System prompt · every request
Behavioural rules
Agent.md · tone, task format, dispatch rules
Knowledge agents index
Dynamic list of available agents + mandatory preflight instructions
Current tasks
tasks.md · today / this week / backlog
This week's calendar
Events, 1-on-1s, linked people
Journal
Today's entry in full · recent entries previewed
Saved Slack messages
Last 14 days · one line each
File index
1-on-1 notes, meeting notes, briefs · most recent 15 each

The stack is ordered deliberately. Behavioural rules come first, so COSTA knows how to act before it reads anything else. Knowledge agent instructions follow, telling it which agents exist and when to consult them. Then the operational content: tasks, calendar, journal, saved Slack messages, and a file index pointing to notes it can read on demand.

Not everything can fit in a single prompt, and fitting everything in would be wasteful. The file index is just that: an index. It tells COSTA what exists and where, but the content stays on disk until it is needed.

02 · Storage

The filesystem

COSTA's context is not a database. It's a directory on your local machine: a structured collection of plain text files that you own completely and can edit in any tool you like. The application reads from and writes to this directory, but the data never leaves your computer unless you explicitly push it somewhere.

The directory layout reflects how information is used. Notes about people live alongside the person's name. Meeting notes live by date. Generated briefs accumulate in a dedicated folder, both for persistence and so future generations can reference them. Everything is markdown: readable without the app, searchable with any text tool, and portable to whatever comes next.

App rootall paths relative to this root
tasks.md
Master task list · today, this week, backlog
Agent.md
Behavioural rules injected into every prompt
context/agents/
Knowledge agents · one subdirectory per agent
1-1s/
1-on-1 meeting notes · one file per person per session
meeting-notes/
General meeting notes and transcripts
briefs/
Generated morning and end-of-day briefs
journal/
Daily entries and mood log
documents/
Longer-form drafts, reviews, written artefacts
notes/
General notes and impact logs
weekly-synthesis/
Weekly review documents

Each directory has a specific role in the context assembly process. The 1-1s/ and meeting-notes/ directories form the primary note corpus. The most recent entries from each are indexed in every system prompt, with the full content available on demand. The briefs/ directory lets COSTA see what it wrote yesterday before drafting today's brief, avoiding repetition. The context/agents/ directory is where knowledge agents live, each in its own subfolder with a manifest and one or more topic files.

Because everything is plain files, the filesystem is also the integration layer. Drop a transcript into meeting-notes/, add a LinkedIn export to context/linkedin/, paste a document into documents/. No import process. The file index in the next system prompt will include it.

03 · Generation

The agentic loop

Once context is assembled and a task is given, COSTA runs an agentic loop: a cycle of calls between the model and your filesystem that continues until the model decides it has enough to work with.

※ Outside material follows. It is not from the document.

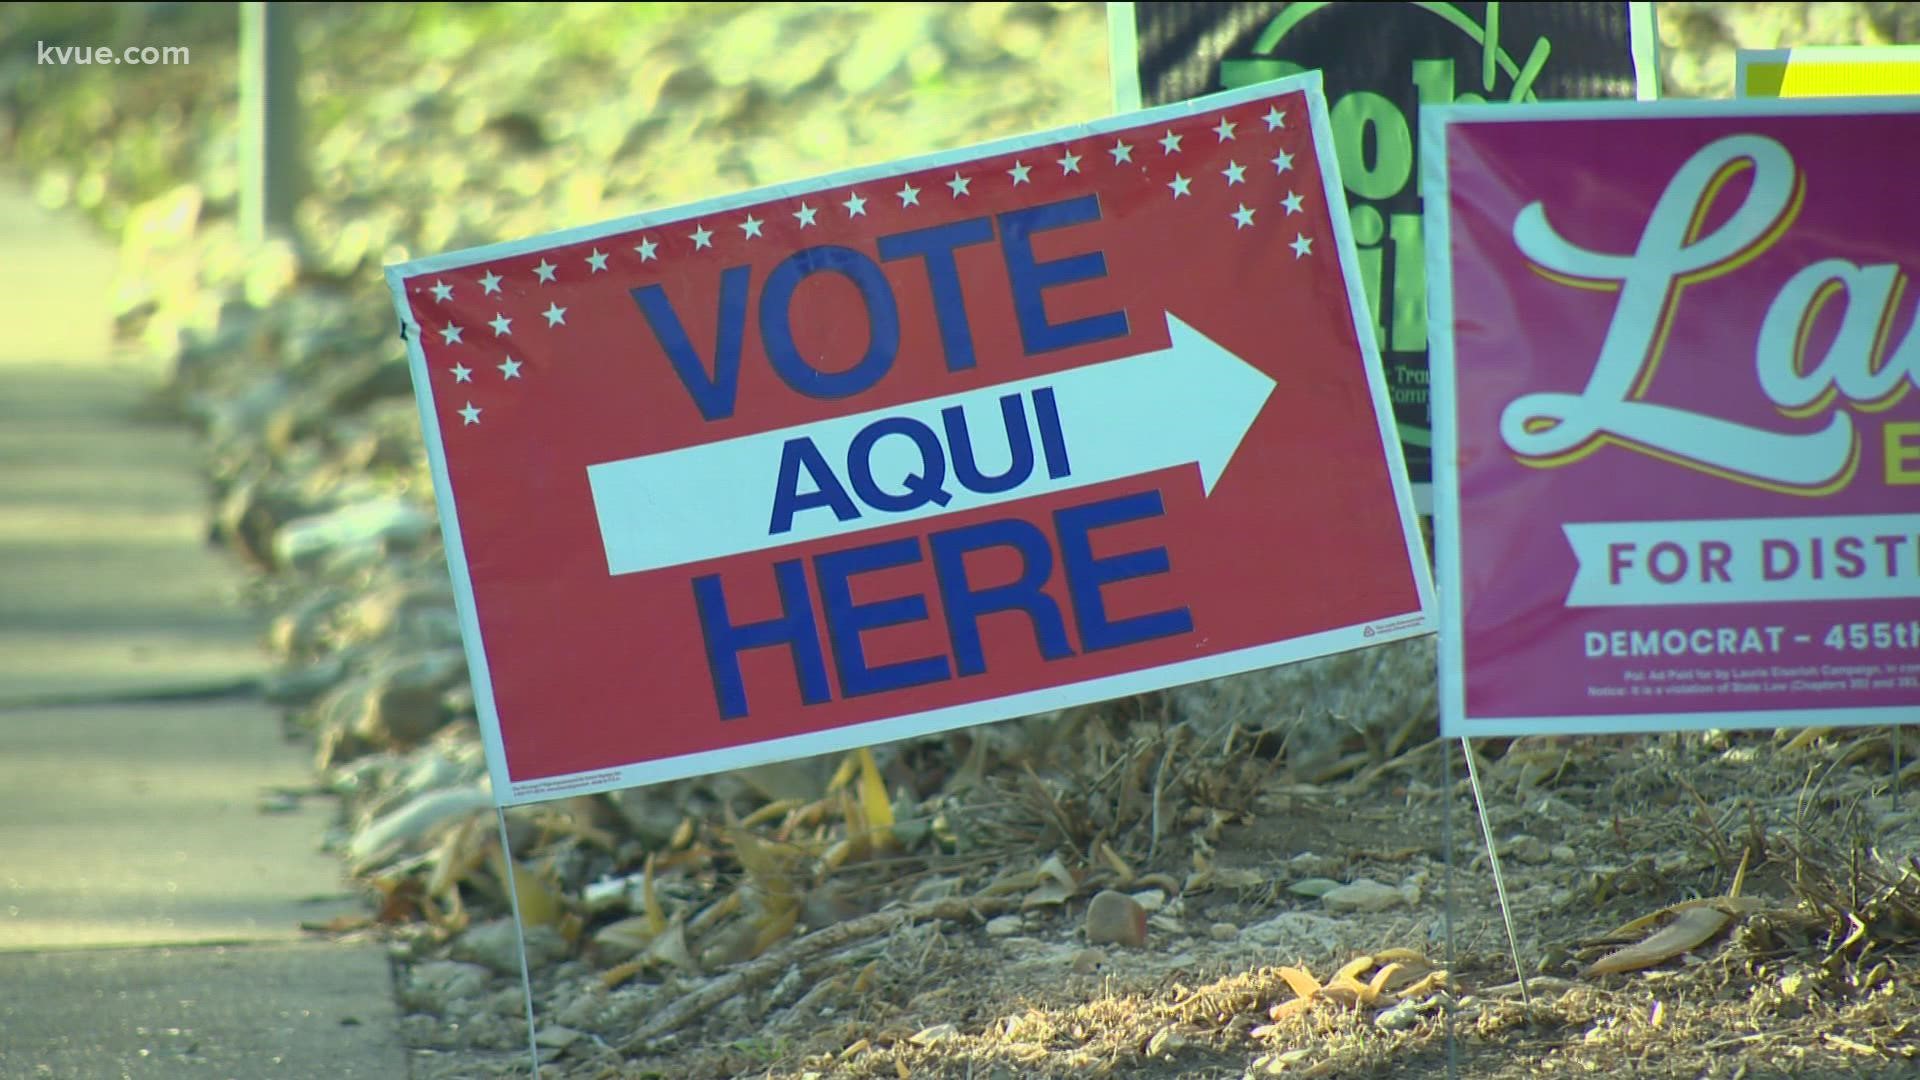 Early voting locations in Travis County will be open on Friday until 10 p.m.

During each turn, COSTA can call tools: reading a specific file, listing the contents of a directory, or writing a new document. The result comes back, gets added to the conversation, and the loop continues. This is how COSTA reads your 1-on-1 notes before writing a synthesis, or checks recent meeting notes before drafting a brief. Context is fetched on demand, not pre-loaded.

Agentic loop · simplified
System prompt
assembled context
COSTA
reads, reasons, acts
Tool call
read_file · list_files
Response
streamed to screen
↩ tool result returned · loop continues back to COSTA

The loop runs up to fifteen iterations and handles four tool types: read_file, list_files, write_file, and delete_file. All file access is sandboxed to the app root. The model cannot read or write anywhere else on your system.

When the model decides it has enough information and generates its final response, the loop ends and the output is streamed directly to the screen. You see tokens as they arrive, not after the whole response is finished.

Chat is the same loop

The chat interface and the structured generators (brief, prep, meeting prep) all use exactly the same underlying loop. The difference is in what they start with: structured generators receive a specific task instruction and have key agent files pre-loaded. Chat starts with the full context and whatever you type. Both converge on the same agentic pattern.

04 · Creation

Writing artefacts

COSTA can produce two broad categories of output. The first is the set of predefined artefact types: morning brief, end-of-day brief, 1-on-1 prep synthesis, and meeting prep. These have dedicated generation routes, structured task prompts, and caching logic. They are triggered from specific points in the interface and saved to known locations in the filesystem.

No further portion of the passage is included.